Using LSDB to enable large-scale catalog distribution, cross-matching, and analytics

TL;DR

The paper tackles the challenge of Rubin Observatory's unprecedented data volumes by introducing HATS, a healpix-based hierarchical tiling scheme for scalable, partitioned catalog storage, and LSDB, a Dask-enabled, Pandas-like analysis framework that supports spatial queries, crossmatching, and time-series analysis. HATS uses Parquet storage, metadata harmonization, and a 64-bit global index to enable efficient parallel processing of large sky catalogs, with incremental updates and compatibility enhancements. LSDB demonstrates end-user analytics on datasets like ZTF and Pan-STARRS, including time-domain pipelines built around nested-pandas representations that compactly store light curves and enable large-scale analyses. The work is augmented by active collaboration with major data centers and emphasis on cloud deployment and IVOA standardization, aiming to provide bulk access to Rubin, Euclid, and Roman data and to broaden community adoption through lsdb.io.

Abstract

The Vera C. Rubin Observatory will generate an unprecedented volume of data, including approximately 60 petabytes of raw data and around 30 trillion observed sources, posing a significant challenge for large-scale and end-user scientific analysis.
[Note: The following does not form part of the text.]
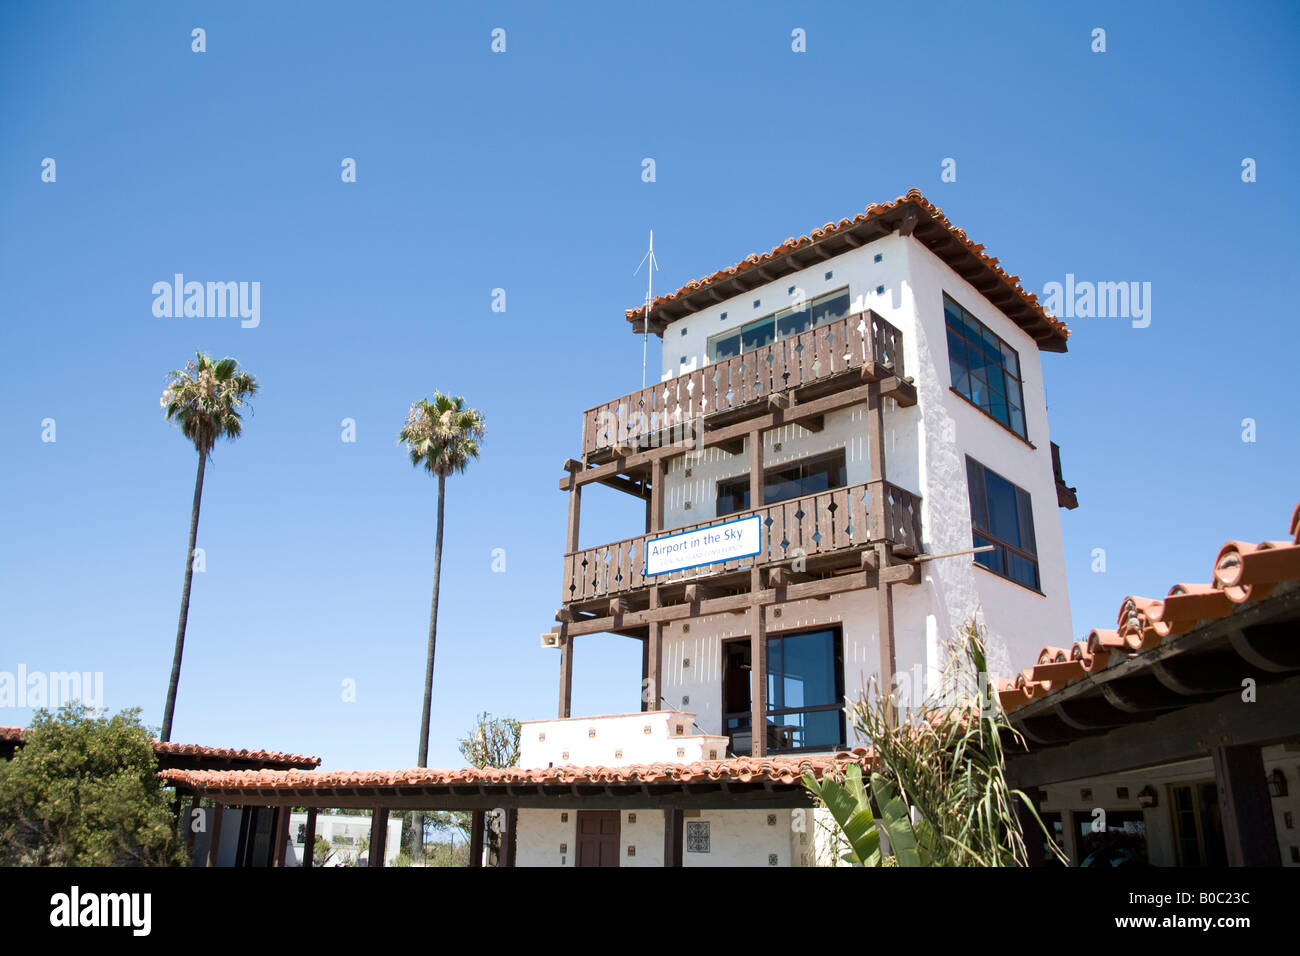 Catalina airport Control Tower; Island in the Sky airport. Stock Photo

As part of the LINCC Frameworks Project we are addressing these challenges with the development of the HATS (Hierarchical Adaptive Tiling Scheme) format and analysis package LSDB. HATS partitions data adaptively using a hierarchical tiling system to balance the file sizes, enabling efficient parallel analysis. Recent updates include improved metadata consistency, support for incremental updates, and enhanced compatibility with evolving datasets. LSDB complements HATS by providing a scalable, user-friendly interface for large catalog analysis, integrating spatial queries, crossmatching, and time-series tools while utilizing Dask for parallelization. We have successfully demonstrated the use of these tools with datasets such as ZTF and Pan-STARRS data releases on both cluster and cloud environments. We are deeply involved in several ongoing collaborations to ensure alignment with community needs, with future plans for IVOA standardization and support for upcoming Rubin, Euclid and Roman data. We provide our code and materials at lsdb.io.
Paper Structure (5 sections, 2 figures)

This paper contains 5 sections, 2 figures.

Figures (2)

  • Figure 1: Partitioning of the ZTF data release 14 in the HATS scheme. Left panel: Partitioning of the object table. Right panel: Partitioning of the source table. The legend shows the healpix order of each pixel. In this Figure, "source" corresponds to each detection, while "object" is determined after associating nearby sources that likely correspond to the same astrophysical object. As such, there are more sources than objects in the catalog, necessitating deeper (higher value of healpix order) partitioning to get a similar size of all final pixels in memory.
  • Figure 2: Targeted API for the LSDB code. This example shows a hypothetical scientific analysis of selecting starts from the GAIA survey with high proper motion, cross-matched to ZTF data release. We then extract lightcurves, classify them and choose the likely RR Lyrae variable stars, before representing their distribution on the sky. LSDB aims to make such whole-sky analysis achievable and easy for science end-users.